As Chalmers dominated defensively with steals and deflections and contributed 11 first-half points, it was easy to relish how far the team had come since losses to Arizona, Arkansas, Nevada and Saint Joseph’s.
And then the Jayhawks regressed and managed but two field goals, including a Rush jumper with 50 seconds left, in the final 10 minutes against a spread-out 2-3 zone. Just as was the case against Arkansas, Nevada and St. Joe’s, KU failed to get easy shots in the final possessions.
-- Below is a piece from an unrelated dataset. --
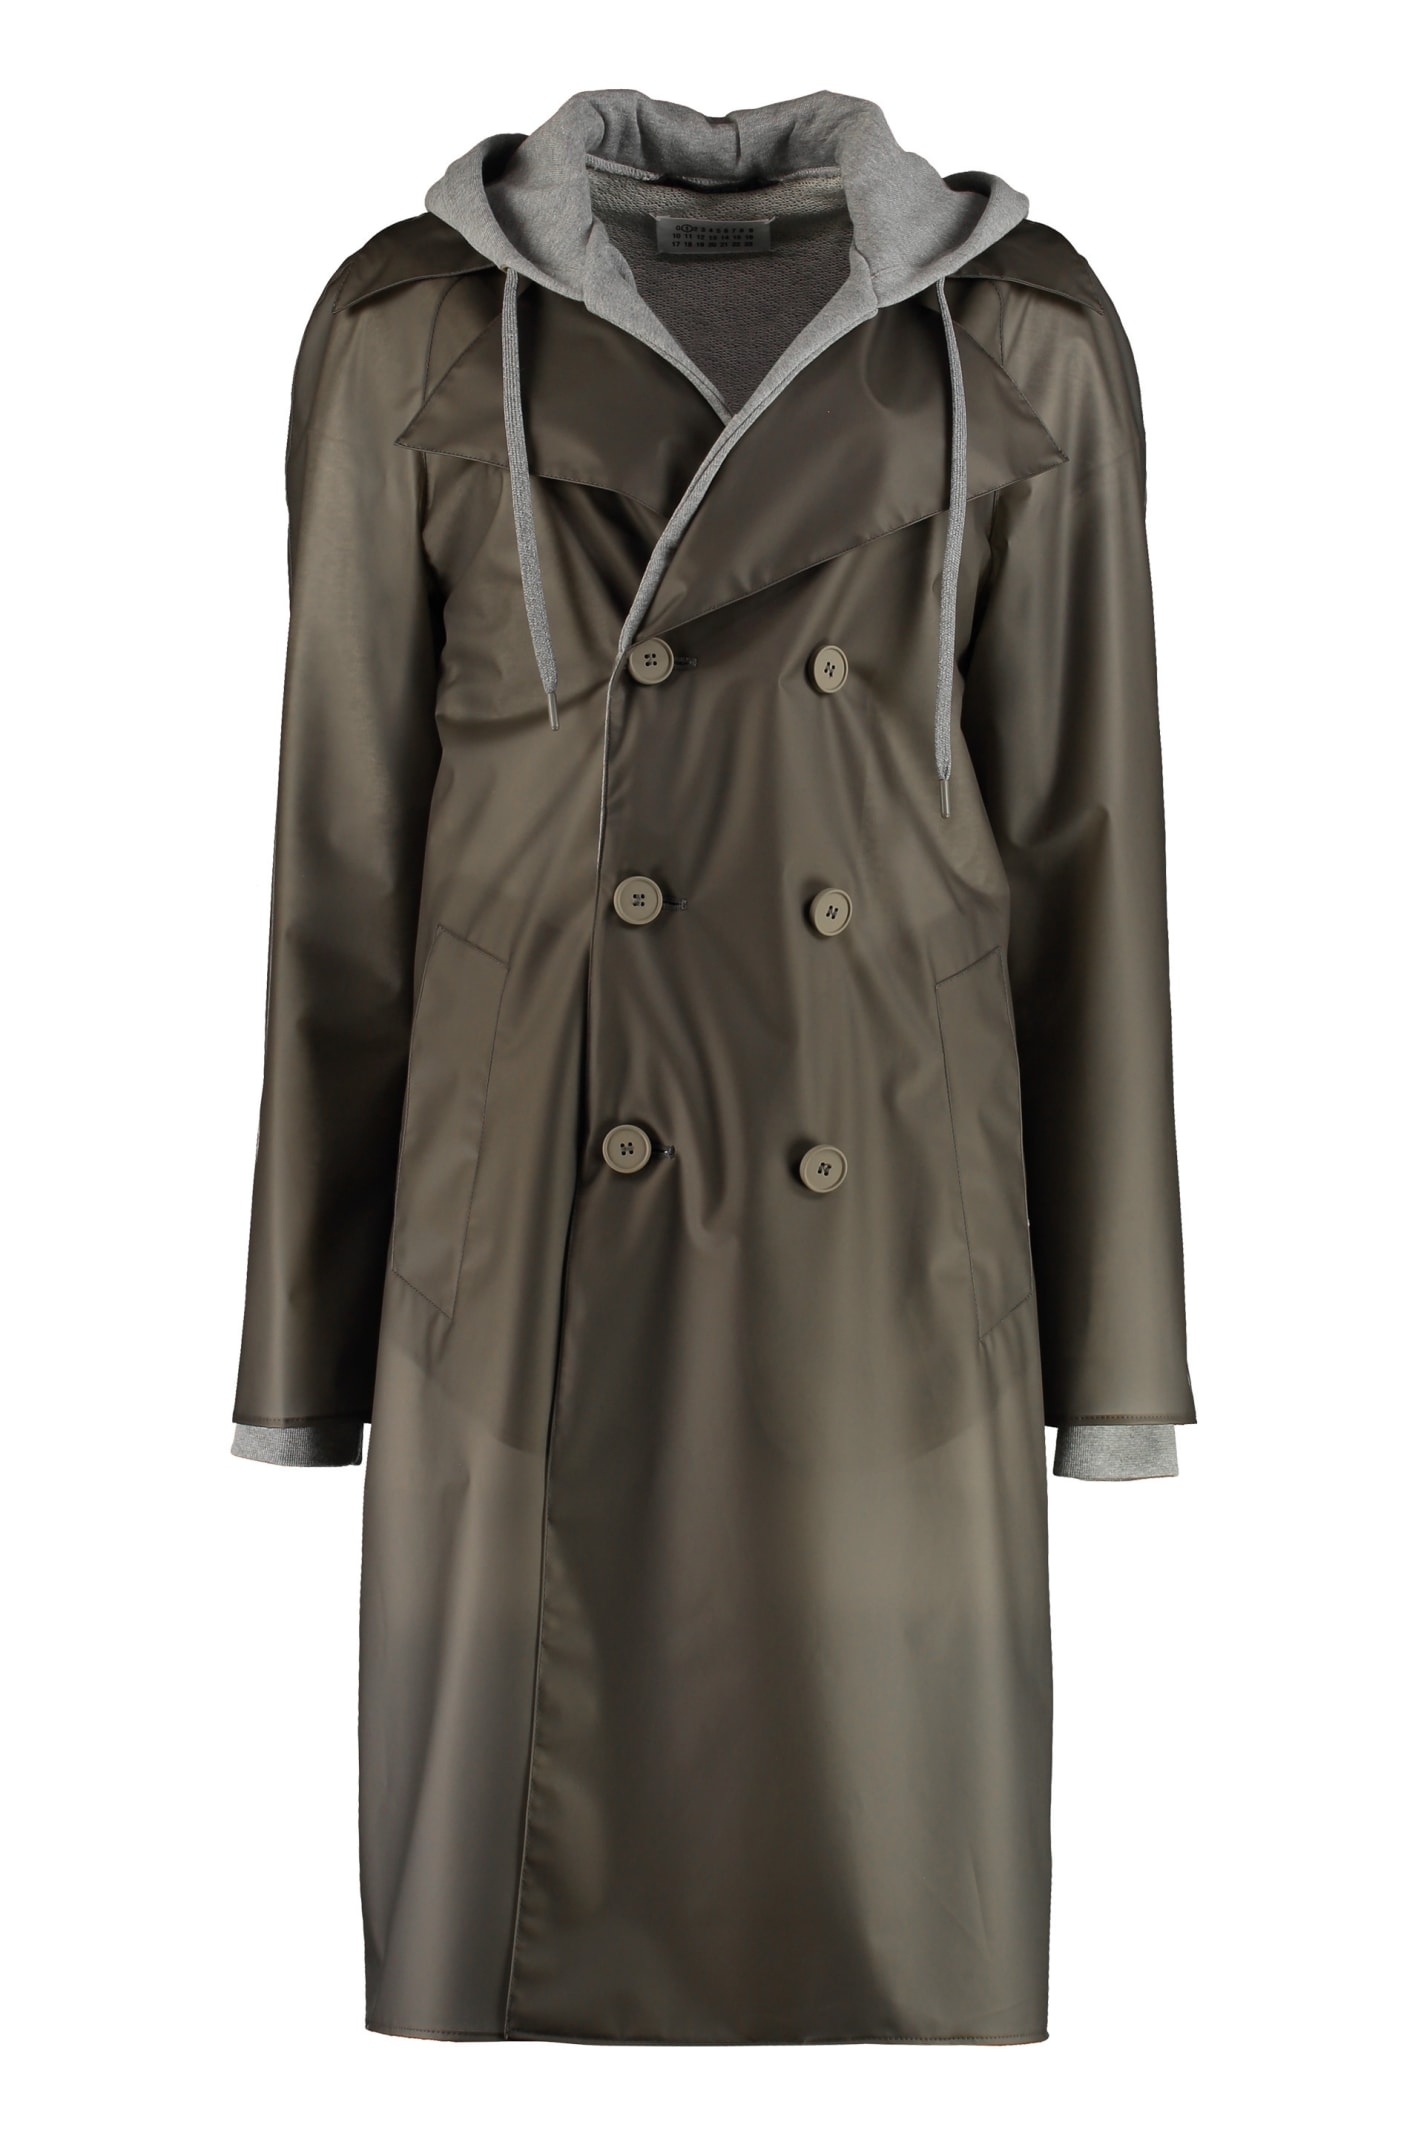 Maison Margiela Trench Coat With Inner Fleece Layer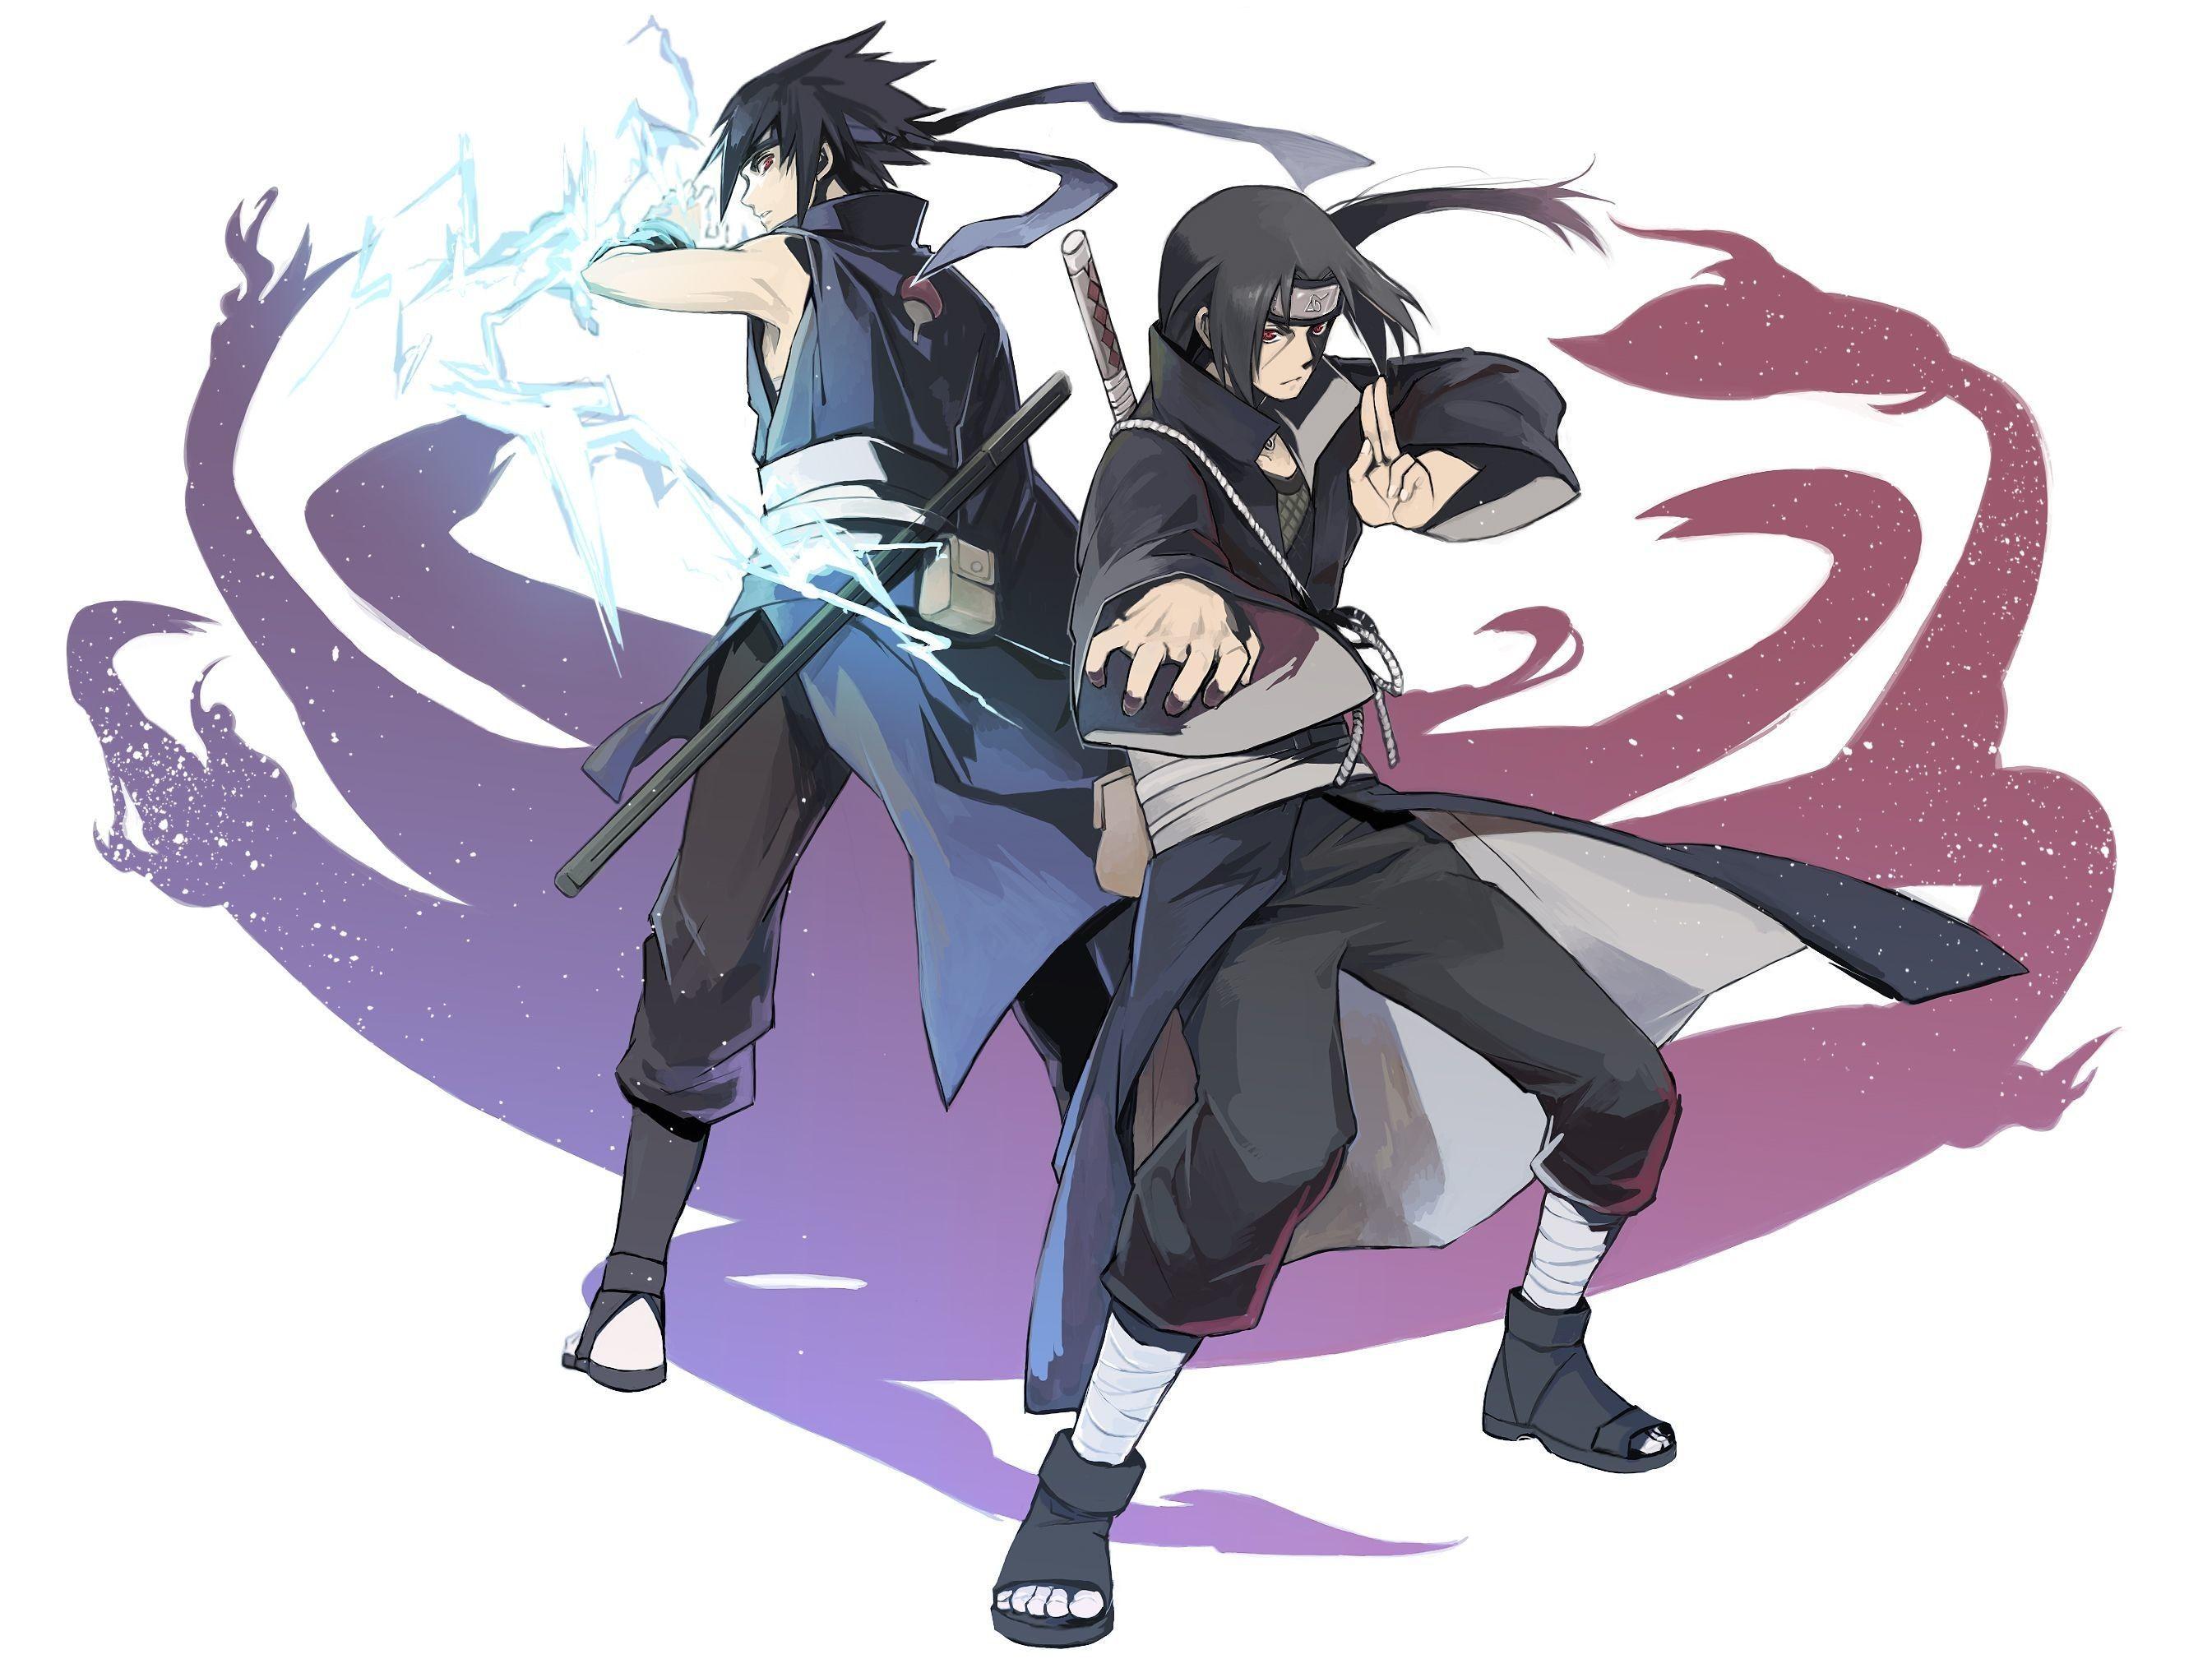 Kid Naruto Wallpapers - Top Free Kid Naruto Backgrounds - WallpaperAccess

“We still don’t have a guy we consider to be a go-to guy, and that’s going to make it tough,” KU coach Bill Self said. “We’ve got to be a team that’s balanced, but it sure would be nice if we knew who to try to get stuff for from a daily standpoint, as opposed to maybe who has a hot hand that particular moment.”
What’s keeping Rush from being that guy?
“He’s young and just is trying to figure it out,” Self said. “: I probably played Brandon too many minutes, and that may have contributed to him not being as effective. He said he wasn’t tired, but certainly we’ve got to do a better job of getting guys in there and hopefully put them in a position where they can knock down a shot and give us a boost.”
This is still a team that will need a healthy Micah Downs to play and perform far better than he did with an injured hand at Colorado, where he committed four turnovers in seven minutes.
Even once that happens, KU will be a team that thrills with defensive pressure and fast-break offense and struggles to put points on the board for long stretches. Translation: a talented, young team that gets a lot better, then a little worse, then a lot better again.